May Day marches mark International Workers Day

Wave Wire Services

LOS ANGELES — Rallies and marches were held in downtown Los Angeles, Little Tokyo and Boyle Heights to mark International Workers Day, also known as May Day, continuing a tradition dating back to the 19th century.

The day’s largest event was that began at Olympic Boulevard and Broadway in downtown Los Angeles and proceeded to Pershing Square and then Grand Park in front of City Hall.

The theme of the march was “Solidarity is Power: Right to Citizenship, Right to Unionize, Right to Strike, & Right to Housing.”

The march was organized by the Los Angeles May Day Coalition, which includes the Los Angeles County Federation of Labor, United Teachers Los Angeles, the Service Employees International Union, IATSE Local 839, the National Union of Healthcare Workers, Coalition for Humane Immigrant Rights, Communist Party USA and Democratic Socialists of America-Los Angeles.

A demonstration at First Street and Central Avenue in Little Tokyo called for “No U.S. NATO war with Russia, stop U.S. threats against China and no World War 3,’” according to its organizer, Revolution Club LA.

The eighth annual May Day Boyle Heights began with a rally at the intersection of Mathews Street and Cesar Chavez Avenue followed by a march to the Mariachi Plaza at Boyle Avenue and First Street, which included a stop at the Hollenbeck Community Police Station where a protest of police shootings was held.
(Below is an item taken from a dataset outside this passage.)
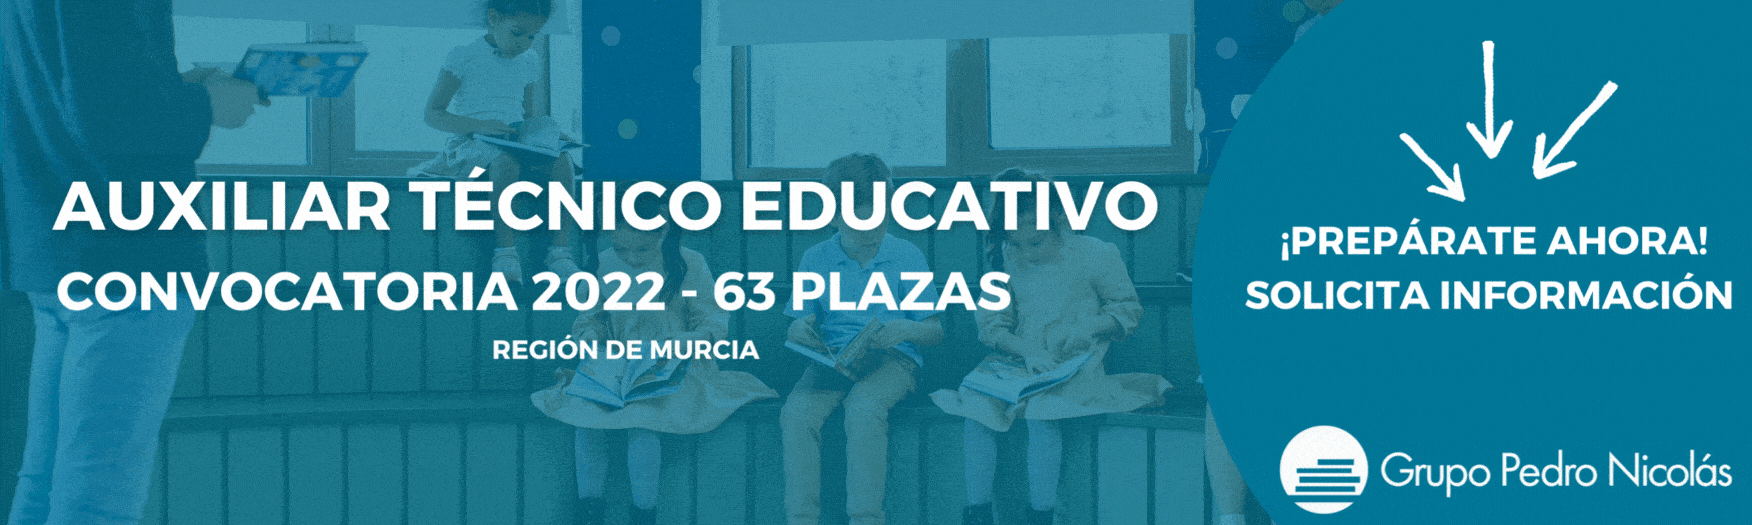 Convocatoria Auxiliar Técnico Educativo Murcia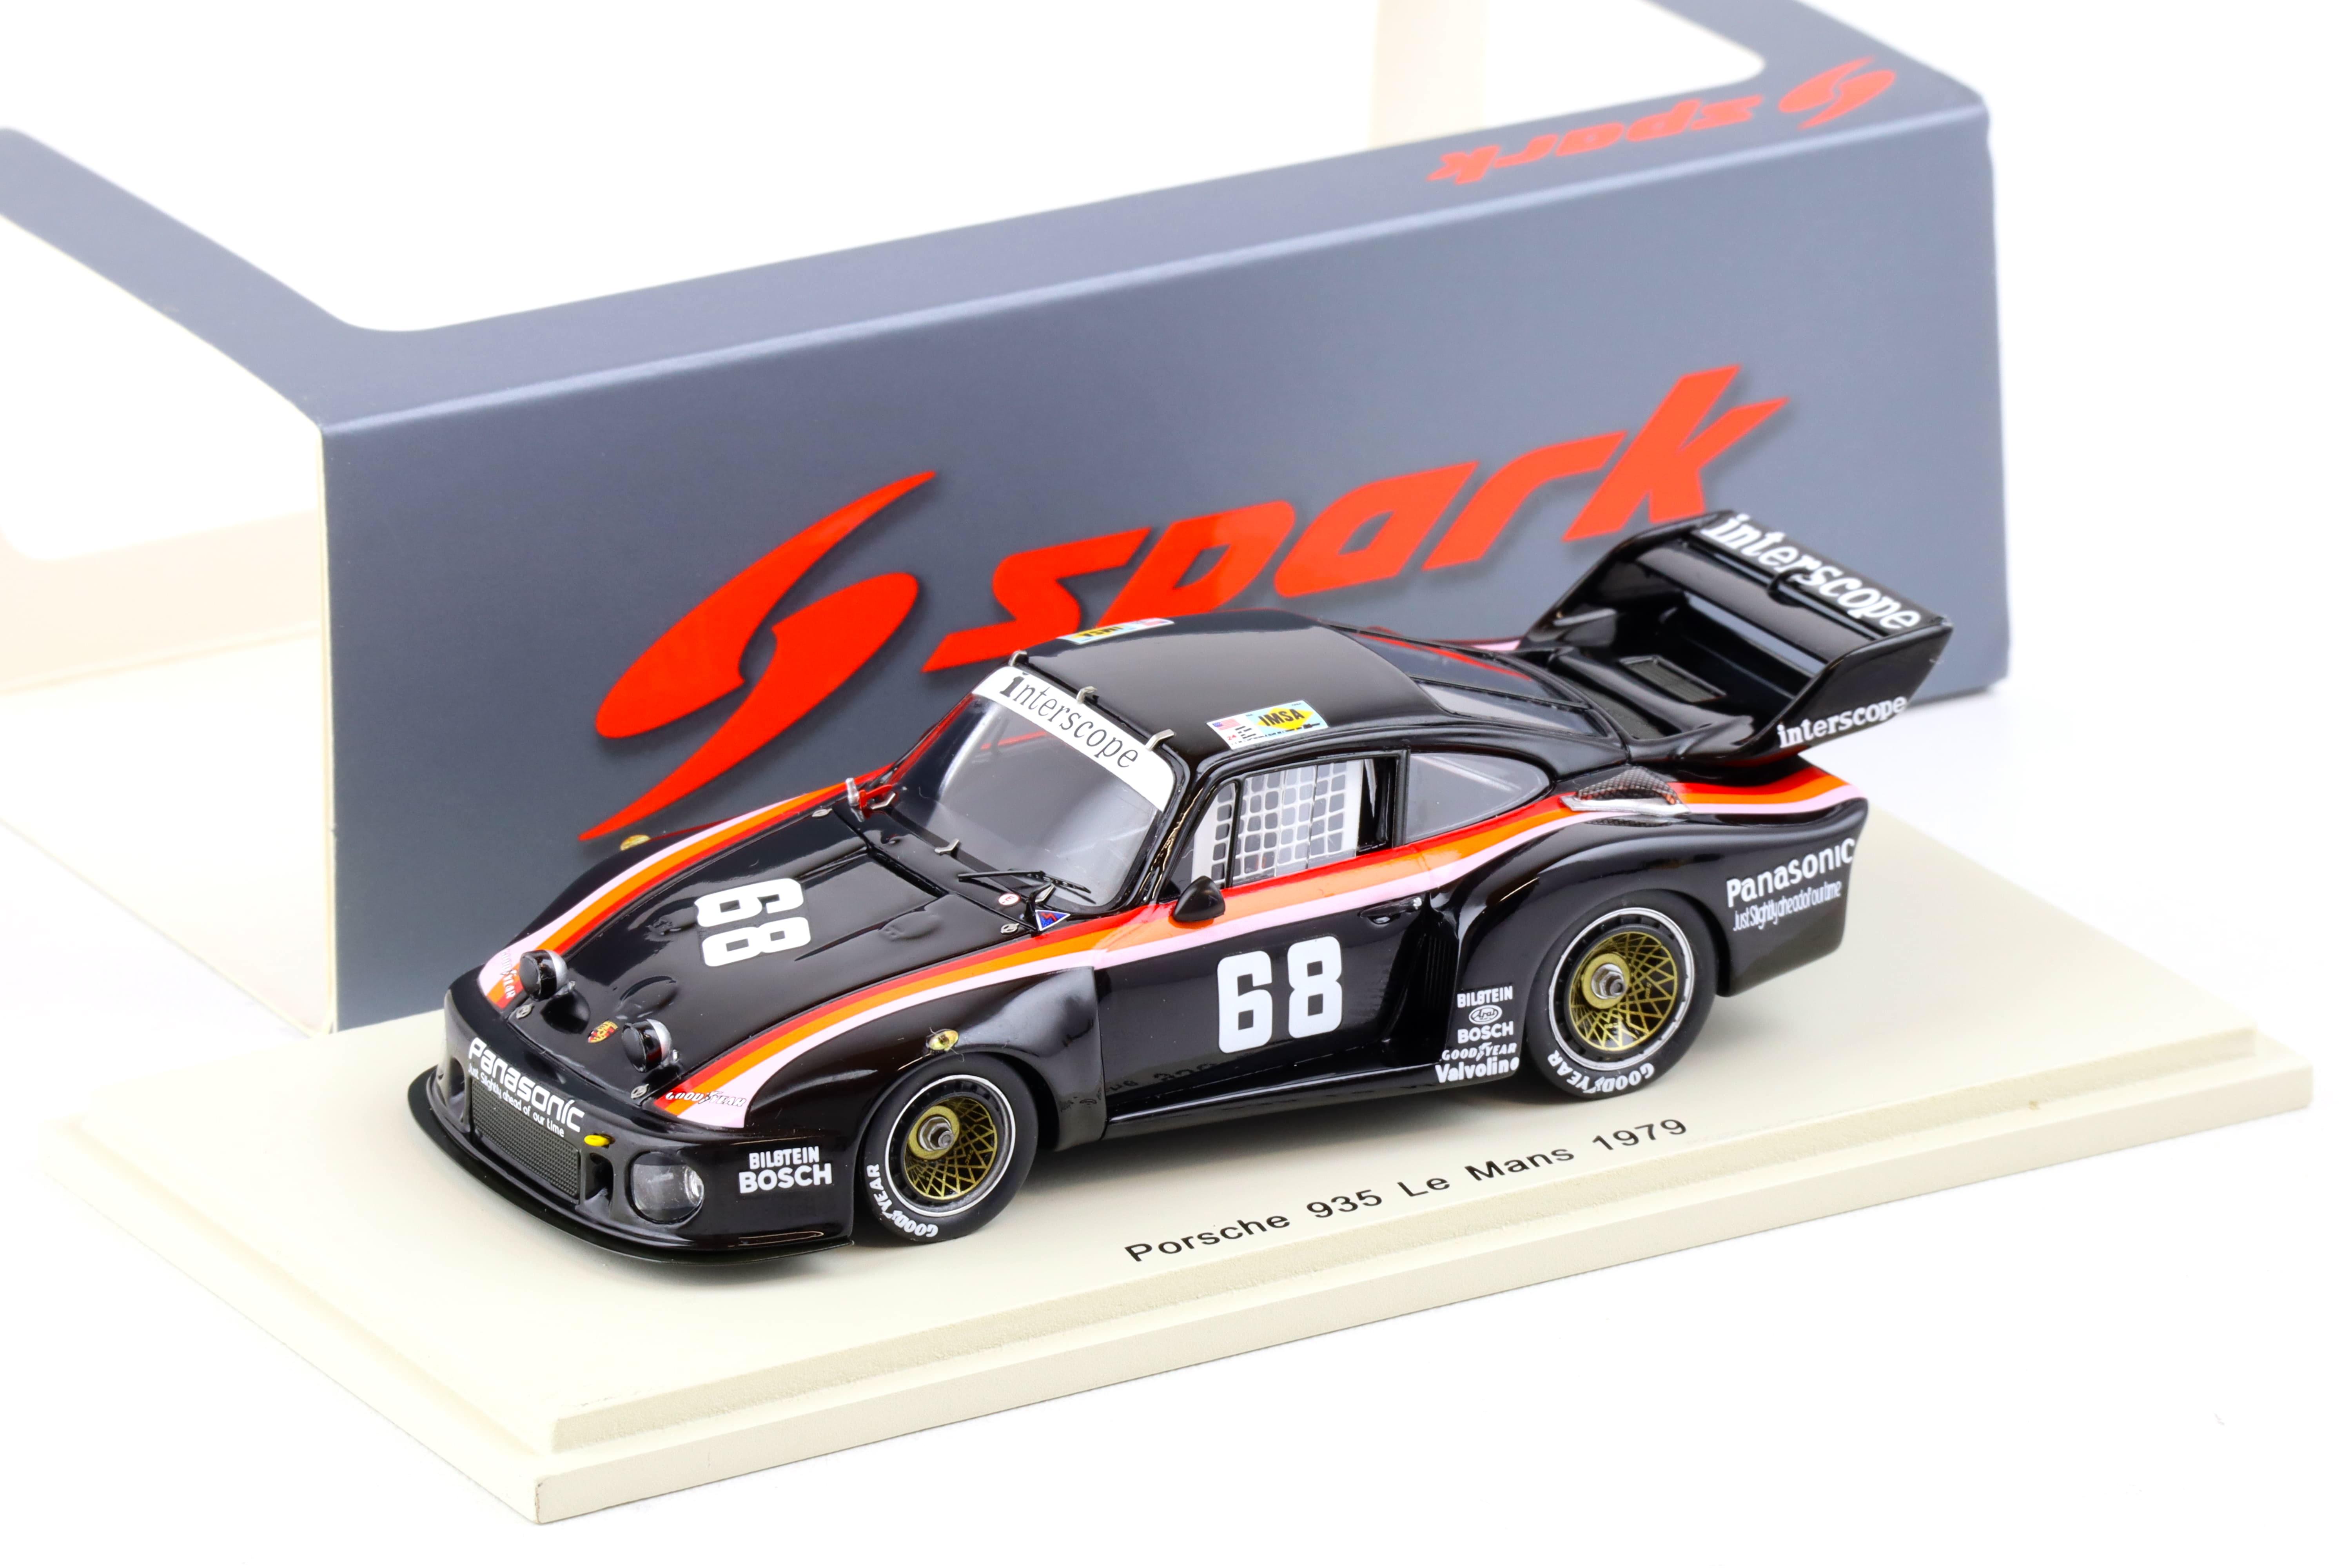 1:43 Spark Porsche 935 Le Mans 1979 INTERSCOPE #68 Minter/ Morton

Speakers included Josefina Rizo, whose 16-year-old son Jose Mendez was fatally shot by Los Angeles Police Department officers in 2016.

Police said Mendez was driving a stolen vehicle and pointed a shotgun at them. In 2017, the Police Commission ruled in the shooting was justified and the Los Angeles County District Attorney’s Office review of the shooting found that Officers Josue Merida and Jeremy Wagner used reasonable force in self-defense and the defense of others.

May Day Boyle Heights was organized by Centro CSO, whose May Day demands include legalization for everyone who has entered the United States without authorization, protecting public education and community control over the Los Angeles County Sheriff’s Department.

Labor groups have conducted rallies and protests on May 1 since 1890, originally commemorating the anniversary of the Haymarket affair on May 4, 1886, when what began as a peaceful rally in Chicago’s Haymarket Square in support of workers striking for an eight-hour work day ended with an unknown person throwing a dynamite bomb at police as they acted to disperse the meeting, with the bomb blast and ensuing gunfire resulting in the deaths of seven police officers and at least four civilians.

Eight anarchists were convicted of conspiracy in a trial their supporters called unfair and a serious miscarriage of justice. Seven were sentenced to death and one to a term of 15 years in prison. Illinois Gov. Richard J. Oglesby commuted two of the sentences to terms of life in prison while another committed suicide in jail before his scheduled execution. 

The other four were hanged on Nov. 11, 1887.

Illinois Gov. John Peter Altgeld pardoned the remaining defendants in 1893 and criticized the trial.